Die Berechnung des Elterngeldes basiert auf dem Einkommen der letzten zwölf Monate vor der Geburt des Kindes. Dieser Zeitraum wird als Bemessungszeitraum bezeichnet. Es gibt jedoch bestimmte Umstände, unter denen einzelne Monate von der Berechnung ausgenommen werden können, um das Elterngeld zu optimieren. Insbesondere die Zeit des Mutterschutzes und der Bezug von Mutterschaftsgeld spielen hierbei eine wichtige Rolle und können den Elterngeldanspruch beeinflussen.
Der Bemessungszeitraum für das Elterngeld
Grundsätzlich werden für die Berechnung des Elterngeldes die zwölf Kalendermonate vor dem Monat der Geburt des Kindes herangezogen. Für die Mutter gilt in der Regel der Zeitraum von zwölf Monaten vor dem Beginn des Mutterschutzes.
Es ist wichtig zu verstehen, dass der Bemessungszeitraum weitgehend vorgegeben ist und nicht beliebig verschoben oder verändert werden kann. Änderungen können sich ergeben, wenn das Kind beispielsweise am Anfang oder Ende eines Monats geboren wird, was den Beginn des Mutterschutzzeitraums beeinflussen kann.

Ausklammerung von Monaten mit Mutterschaftsgeld
Monate, in denen Mutterschaftsgeld gezahlt wird, werden in der Regel von der Elterngeldstelle automatisch aus dem Bemessungszeitraum ausklammert. Dies gilt bereits ab einem einzigen Tag der Mutterschaftsgeldzahlung innerhalb eines Kalendermonats. Ziel ist es, sicherzustellen, dass Einkommensausfälle während des Mutterschutzes das Elterngeld nicht negativ beeinflussen, da Mutterschaftsgeld und Arbeitgeberzuschuss das wegfallende Einkommen fast vollständig ersetzen.
Wenn während des Mutterschutzes ein Einkommen erzielt wird, das niedriger ist als das reguläre Gehalt, kann dies die durchschnittliche Elterngeldberechnung verringern. In solchen Fällen kann die Ausklammerung eines Monats mit geringerem Einkommen vorteilhaft sein.

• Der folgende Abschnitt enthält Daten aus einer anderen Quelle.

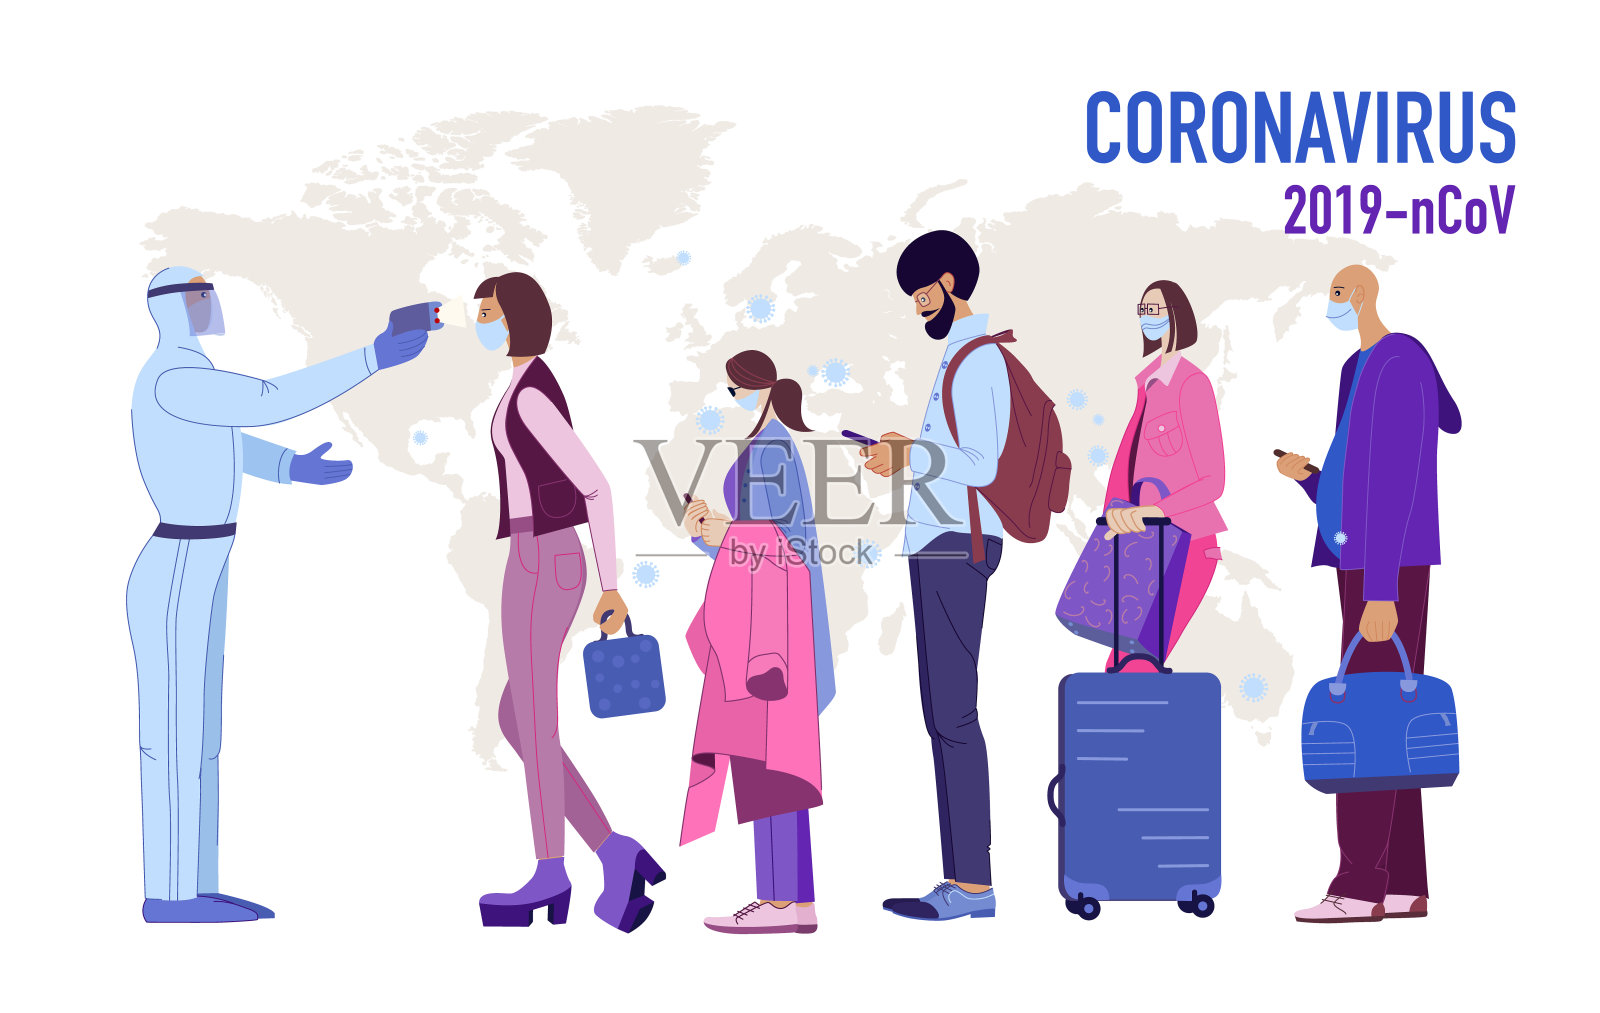 COVID-19疫情概念说明。多种族的人戴着医用口罩排队。乘客被测量温度。新型冠状病毒(2019 - ncov)。插画图片素材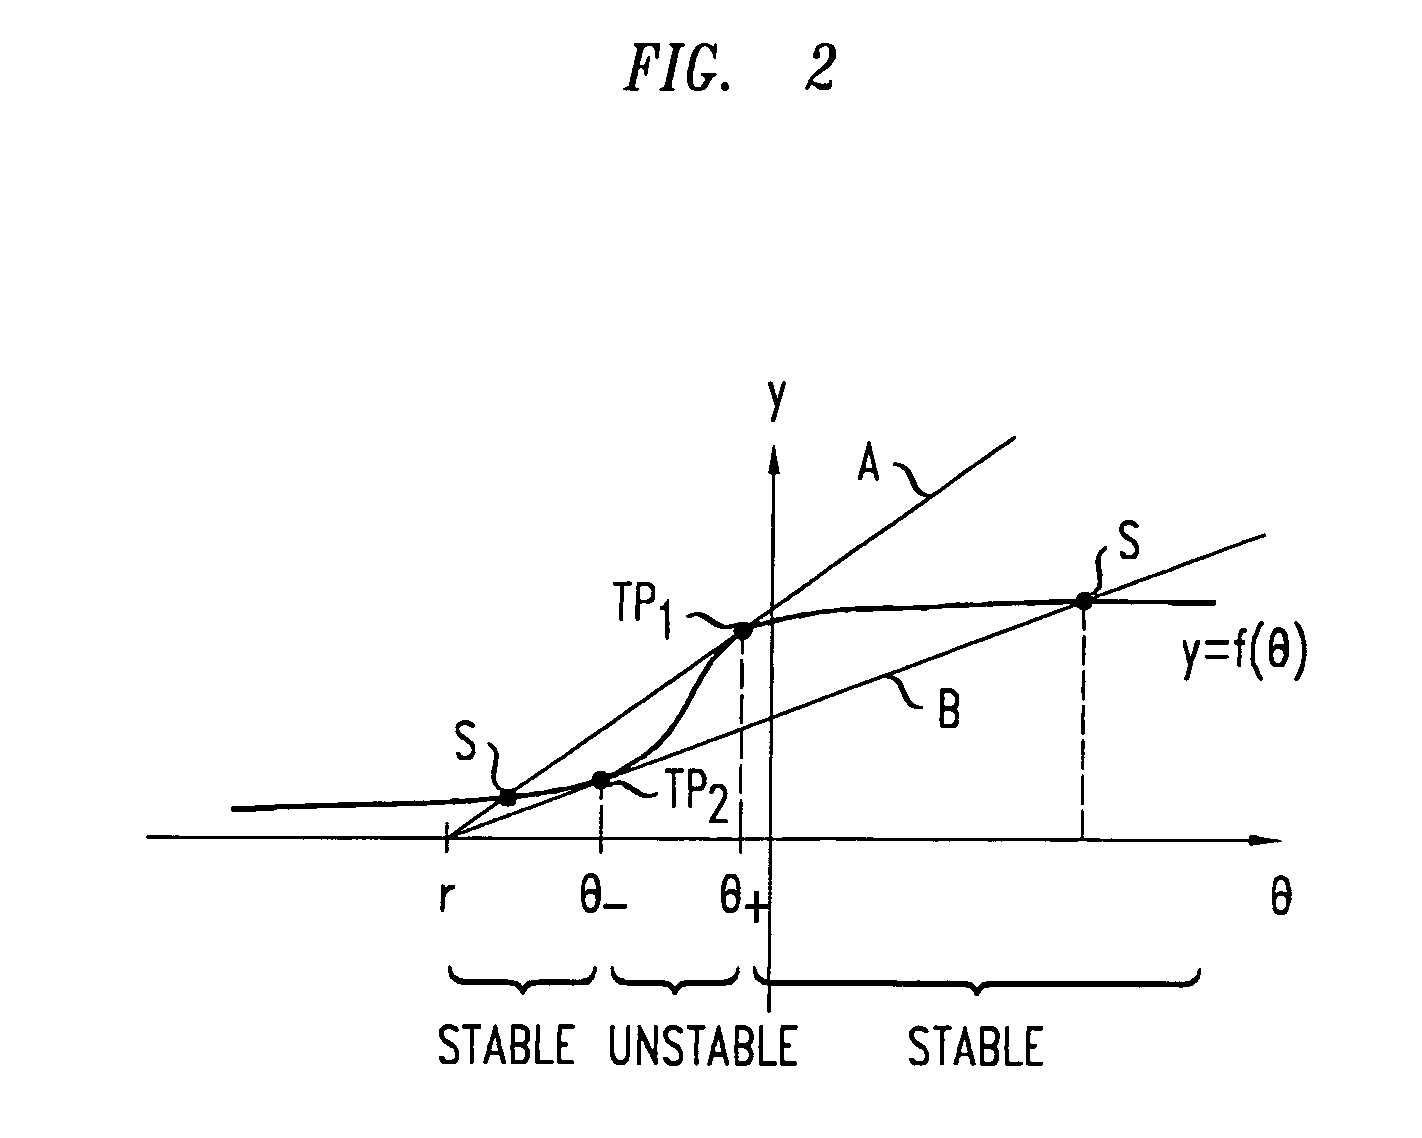 Stable electro-mechanical actuators

Verzicht auf die Ausklammerung von Mutterschaftsmonaten
Eine wichtige Regelung im Elterngeldrecht besagt, dass auf Antrag des Antragstellers auf die reguläre Ausklammerung von Monaten mit Mutterschaftsgeldzahlungen verzichtet werden kann. Dies bedeutet, dass diese Monate trotz des Bezugs von Mutterschaftsgeld in die Berechnung des Elterngeldes einbezogen werden können.
Ein solcher Verzicht kann sinnvoll sein, wenn im Monat des Beginns der Mutterschutzfrist noch ein signifikantes Erwerbseinkommen erzielt wurde, das höher ist als das Mutterschaftsgeld. Durch den Verzicht auf die Ausklammerung kann dieses höhere Einkommen in die Elterngeldberechnung einfließen und somit zu einem höheren Elterngeld führen.
Ein formloses Schreiben an die zuständige Elterngeldstelle ist in der Regel ausreichend, um diesen Verzicht zu beantragen. Es ist ratsam, diesen Antrag im Rahmen des Elterngeldantrags zu stellen.

Wann lohnt sich der Verzicht auf die Ausklammerung?
Der Verzicht auf die Ausklammerung von Mutterschaftsmonaten ist insbesondere dann vorteilhaft, wenn:
- Im Monat des Beginns des Mutterschutzes noch ein hohes reguläres Gehalt erzielt wurde, das über dem Mutterschaftsgeld liegt.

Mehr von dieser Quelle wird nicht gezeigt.